We have a long history as an investor. We've evolved since 1948 and we're now better-positioned than ever to carry out our mission. Here are some frequently asked questions relating to how and why we operates in the way we do, as well as some information about current performance.
CDC is a Development Finance Institution (DFI), owned by the UK Government’s Department for International Development (DFID). Our mission is to support the building of businesses throughout Africa and South Asia, to create jobs and make a lasting difference to people's lives in some of the world's poorest places. CDC is not designed to solve all development challenges; it is one part of the Department for International Development's strategy to harness the power of the private sector in reducing poverty.
a) One of the greatest challenges facing developing countries is the lack of jobs, particularly good quality jobs in the formal sector. CDC supports the growth of commercially sustainable businesses across all of Africa and South Asia – especially in the harder places. We aim to invest with a focus on job creation: in countries where the private sector is weak and jobs are scarce, and in sectors where growth leads to jobs. CDC invests to support the growth of all sizes of business from the micro-level right up to the largest because we believe that a balanced private sector is necessary for economic development and robust job creation.

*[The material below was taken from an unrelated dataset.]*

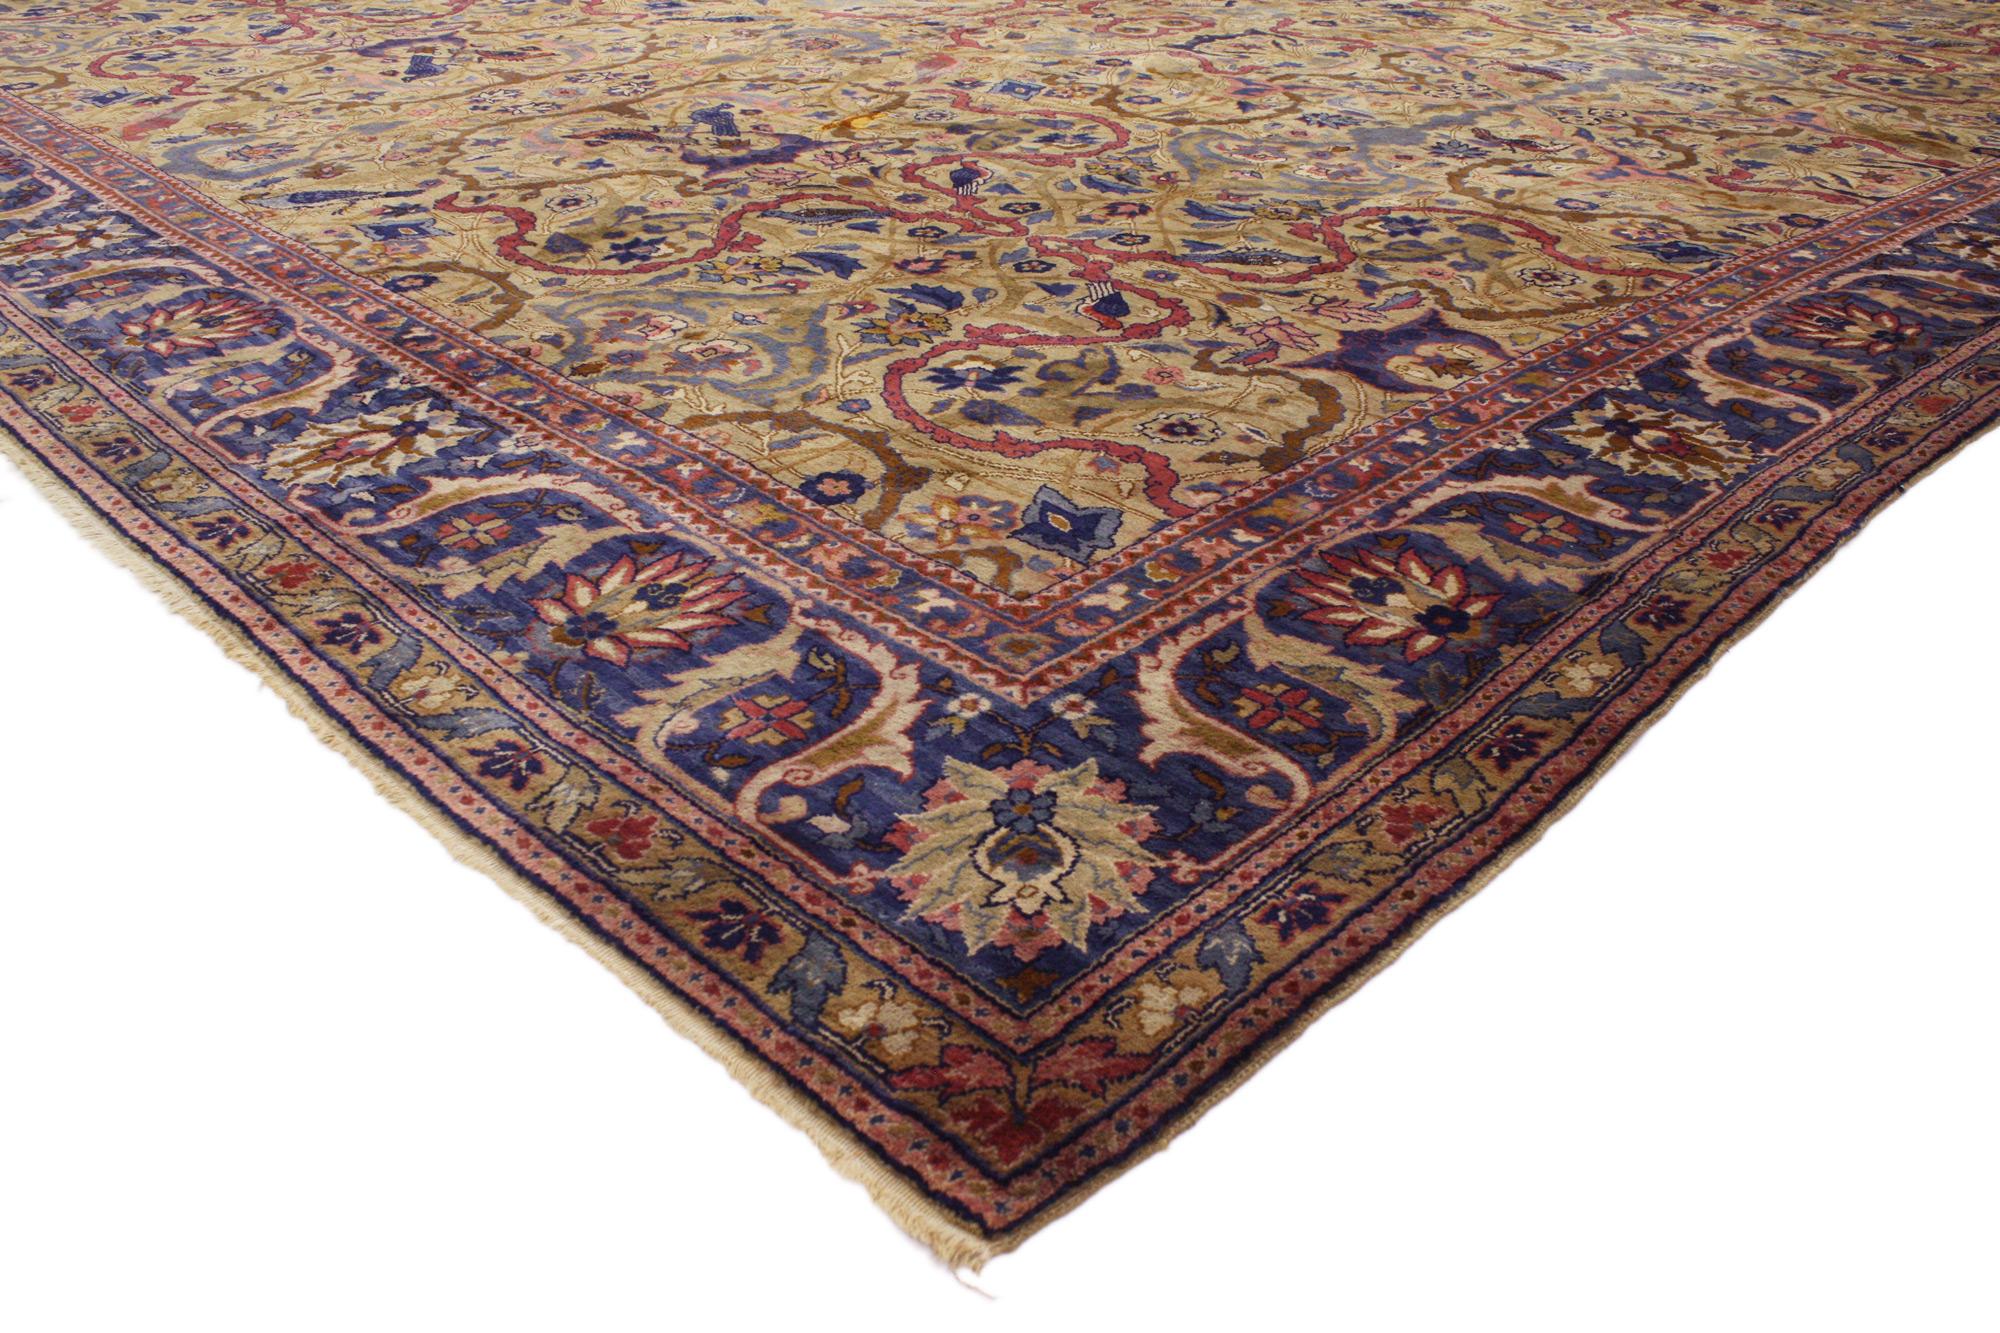 76918 Übergroßer antiker indischer Agra-Teppich, 23'00 x 23'07. 
Dieser handgeknüpfte, antike indische Agra-Teppich aus Wolle in Übergröße, der einen zeitlosen Stil mit unglaublichen Details und Texturen nachahmt, ist eine fesselnde Vision von

b) CDC encourages private investment in developing countries by demonstrating a profitable and responsible track record. CDC does this because many commercial investors still shy away from the emerging markets in Africa, parts of South Asia and other poor countries which are seen as risky, unknown and problematic.
Since 2011 all our new investments have concentrated exclusively on Africa and South Asia where more than 70 per cent of the world's poorest people live. We invest using debt and equity in both direct and intermediated forms.
Since 2011, we have invested using direct equity, intermediated equity and by providing debt.
At the end of 2015 our portfolio of companies was worth £3.9bn.
- Our investment supports 1,293 businesses - including 684 in Africa and 349 in South Asia.
- We estimate these investee companies created more than a million jobs in 2015.
- In 2015, the businesses we supports in Africa and South Asia contributed $2.6 billion in local taxes.
For more information on CDC’s development, financial and economic impact, please see the our Annual Review 2015.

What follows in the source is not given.